Ariel Amado Almeida nació en 1923: “Participé de los dos siglos: XX y
XXI. Hice la primaria, luego la secundaria en la Escuela de artes y oficios,
las escuelas técnicas de hoy. Seguí estudiando en las escuelas internacionales
que daban cursos por correspondencia desde Buenos Aires. Una introducción
formidable a la telefonía. Hoy, el 80 % de lo que estudié es obsoleto. Fue
reemplazado por centrales electrónicas. Yo trabajaba con centrales
electromecánicas. Las fabricaba en Estocolmo, Suecia, la firma Ericsson”.
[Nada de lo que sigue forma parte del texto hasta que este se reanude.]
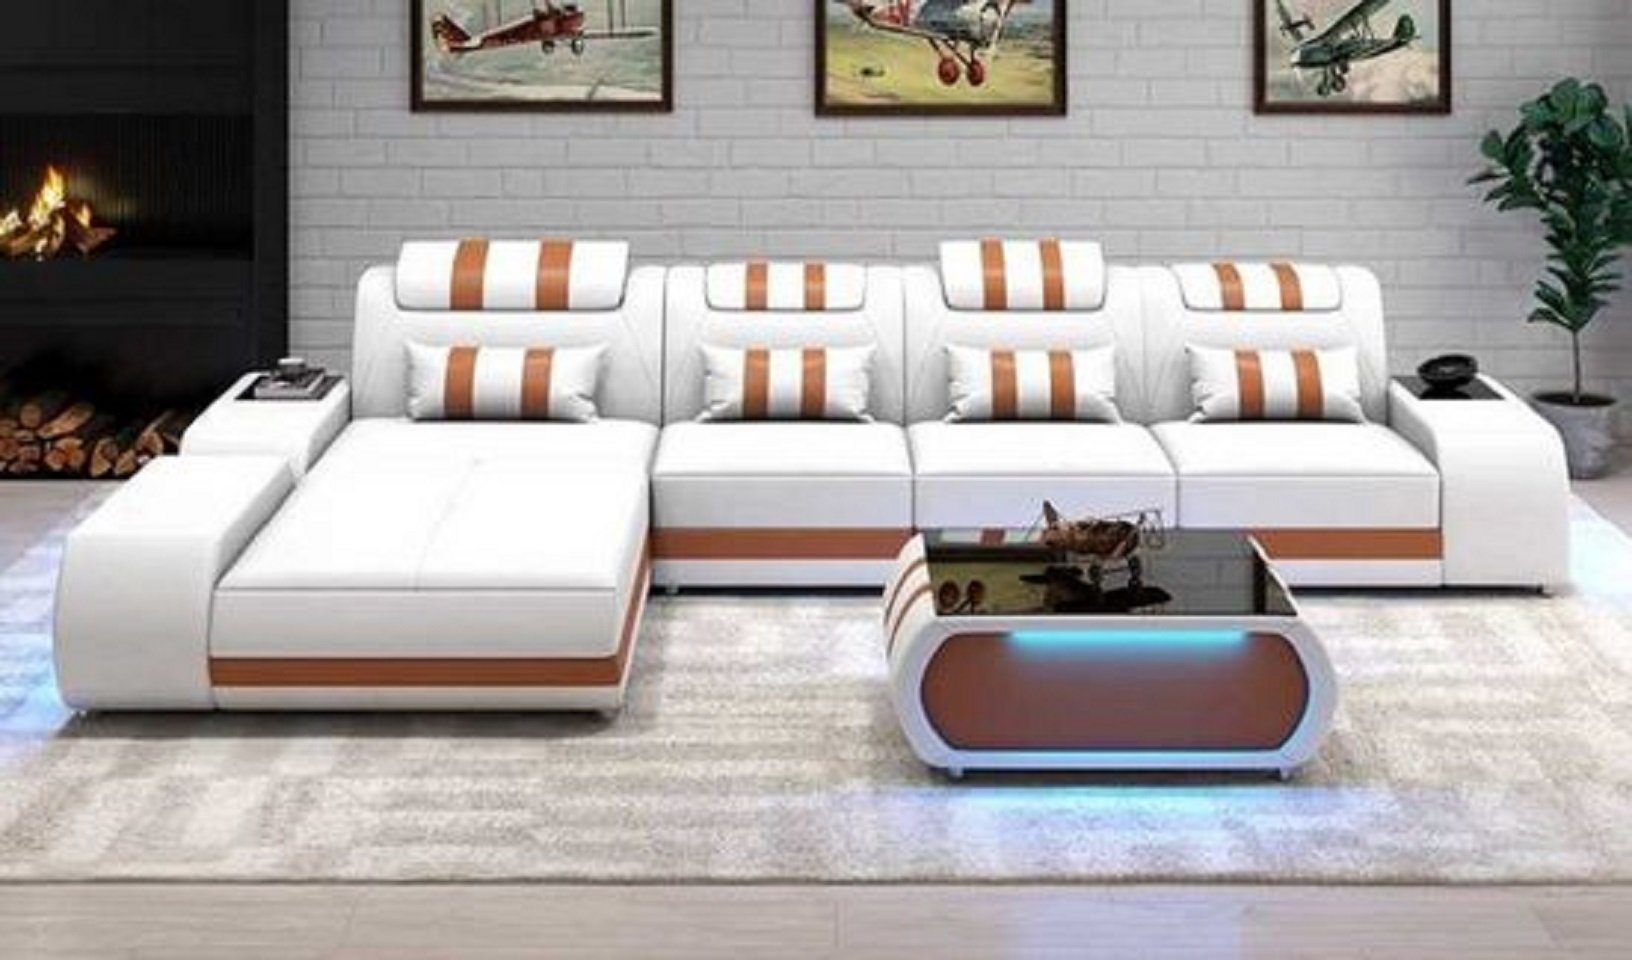 JVmoebel Ecksofa Eckgarnitur Ecksofa L Form Ledersofa Sofa Couch Luxus Design Couchen, 3 Teile, Made in Europe Weiß/Braun | Ecksofas

El principio de la historia: “Nací en Concordia. Llegué a Gualeguay por
trabajo. Me becaron dos veces, una en la escuela, y otra en la Compañía del Este
Argentino, donde hice un curso de mantenimiento de motores Diesel y tableros.
Cuando cumplí 18, la Compañía Entrerriana de Teléfonos pedía un alumno de la
escuela. Arranqué en el 41 y me jubilé en el 89. Estuve 4 años en Concordia, 5
en Villaguay, y 40 acá. A Gualeguay llegué a fines del 51. Tengo 92, mi señora
falleció hace tres años, mis dos hijos nacieron en Villaguay, tengo 6 nietos y
10 bisnietos, no me puedo quejar”.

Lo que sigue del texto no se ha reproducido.